The Sanskrit term "Vajrayana" is a combination of the words vajra (meaning "thunderbolt") and yana (meaning "raft"). Together, these words can be translated in English as "The Diamond Vehicle." In Hindu and Buddhist iconography, the vajra is a legendary weapon that was made from an adamantine, or indestructible, substance and which could therefore pierce and penetrate any obstacle or obfuscation. The vajra was the weapon of ancient Hindu god Indra, and was incorporated into Buddhism as a scepter-like ritual object, which has a sphere (and sometimes a gankyil) at its centre, and a variable number of spokes (depending on the sadhana), enfolding either end of the rod. The vajra is often traditionally employed in tantric rituals in combination with the bell; symbolically, the vajra may represent method (male) and the bell stands for wisdom (female).
History of Vajrayana
There are differing views as to where in the Indian sub-continent Vajrayana began. Some believe it originated in Bengal, now divided between the Republic of India and Bangladesh, while others claiming it began in Uddiyana, located by some scholars in the modern day Swat Valley in Pakistan, or in South India. In the Tibetan Buddhist tradition, it is claimed that the historical Shakyamuni Buddha taught tantra, but that since these are 'secret' teachings, confined to the guru/disciple relationship, they were generally written down long after the Buddha's other teachings, the Pali Canon and the Mahayana sutras.
The earliest texts appeared around the early fourth century. Nalanda University in northern India became a center for the development of Vajrayana theory, although it is likely that the university followed, rather than led, the early Tantric movement. India would continue as the source of leading-edge Vajrayana practices, producing many renowned Mahasiddha, up until the 11th century.
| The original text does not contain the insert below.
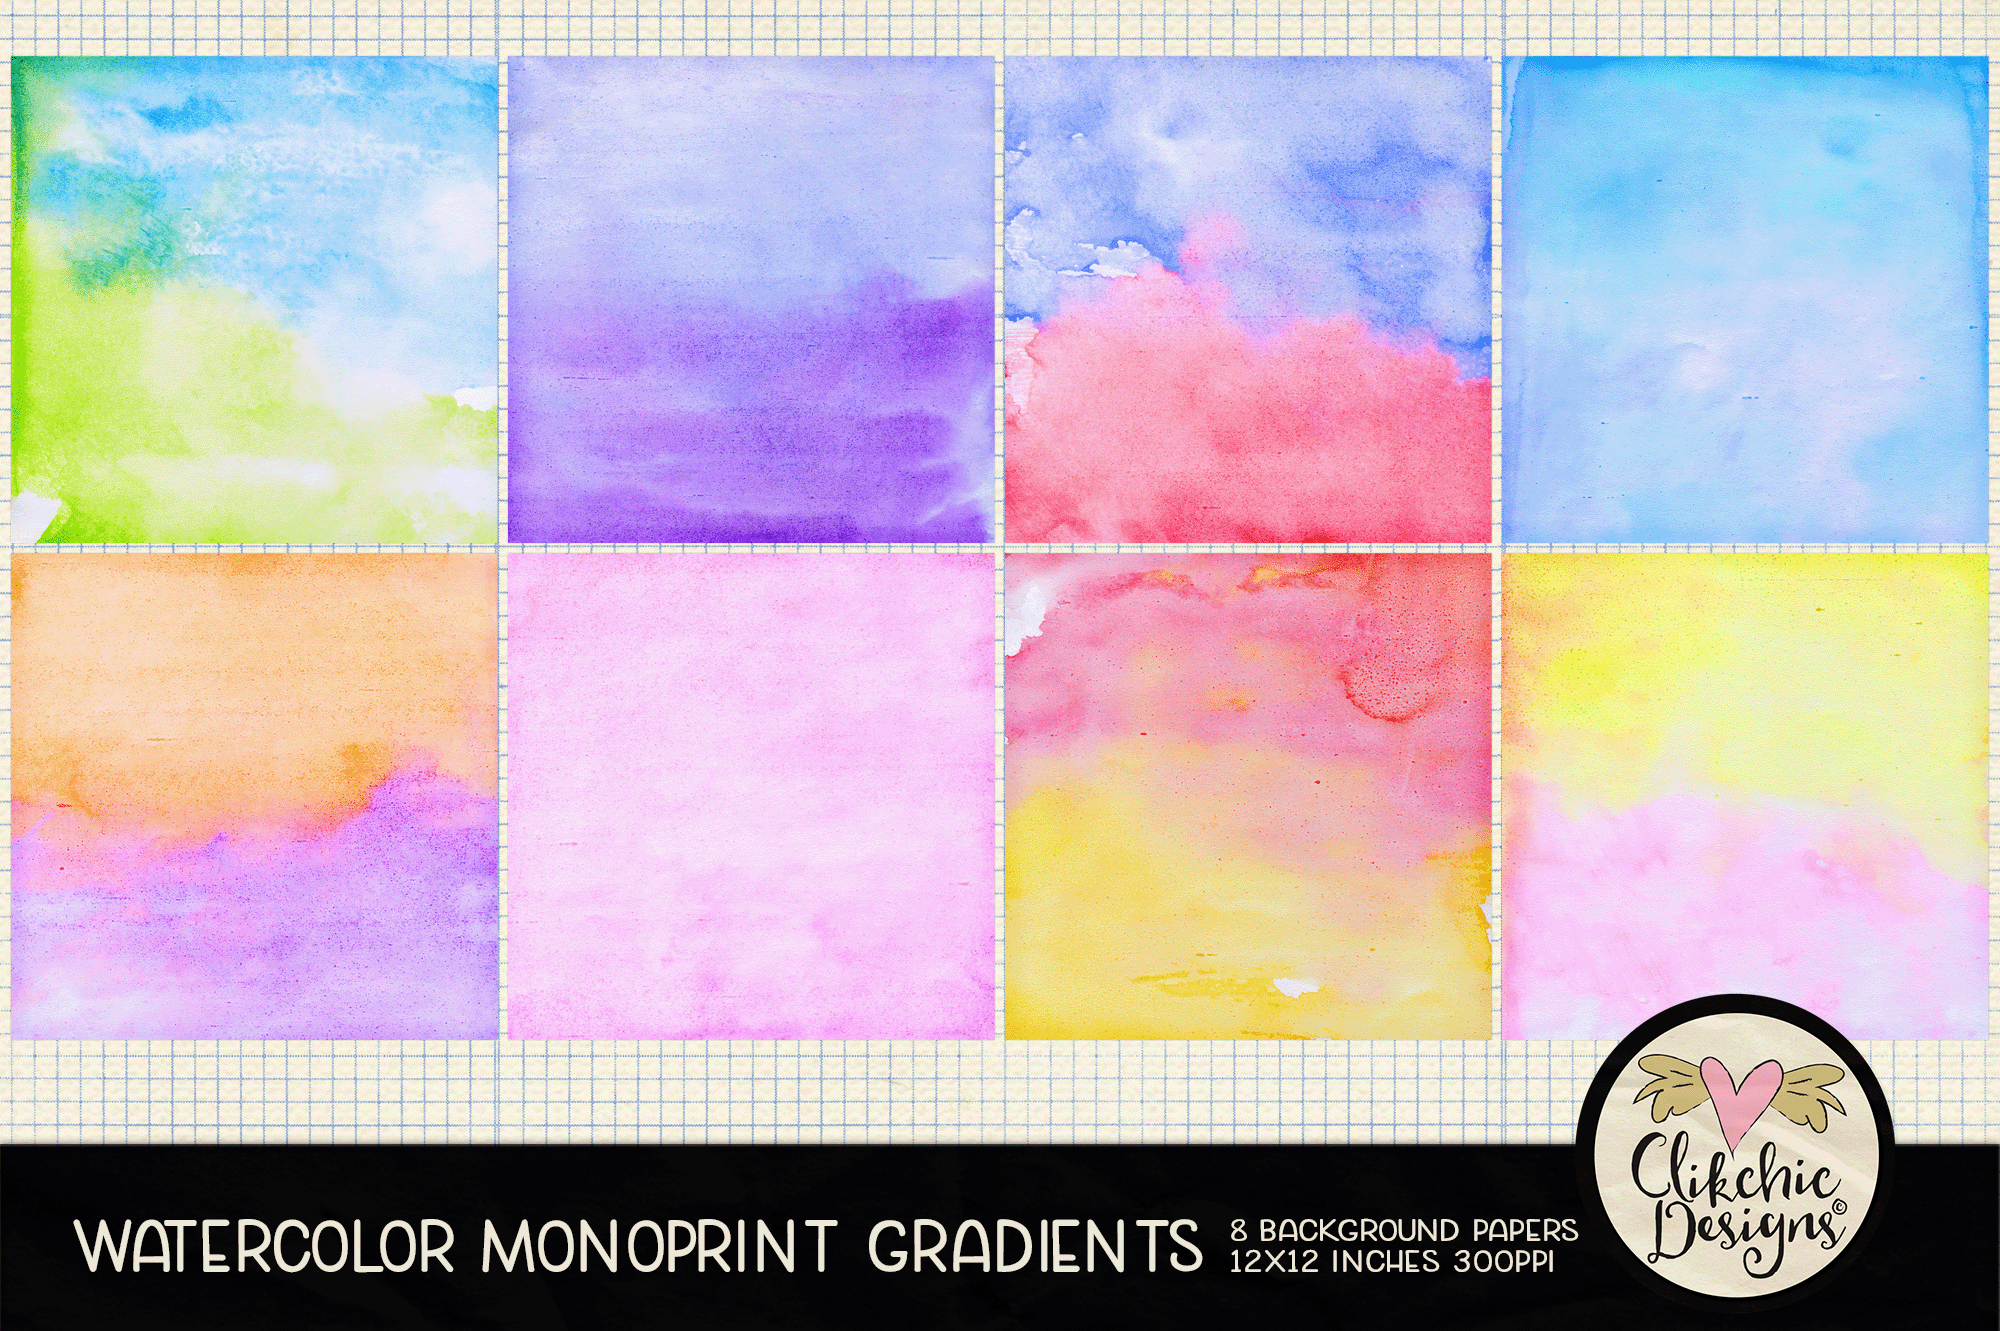 Watercolor Monoprint Gradients Printable Background Papers

Buddhism had mostly died out in India by the 13th century, and the tantric aspects of Buddhism and Hinduism were also experiencing pressure from invading Islamic armies. By that time, the vast majority of the practices were taken to Tibet, where they were preserved.
In the second half of the twentieth century a sizable number of Tibetan exiles fled the anti-religious rule of the Communist Chinese to establish Tibetan Buddhist communities in India, particularly around Dharamsala. They remain the primary practitioners of Tantric Buddhism in India and the entire world.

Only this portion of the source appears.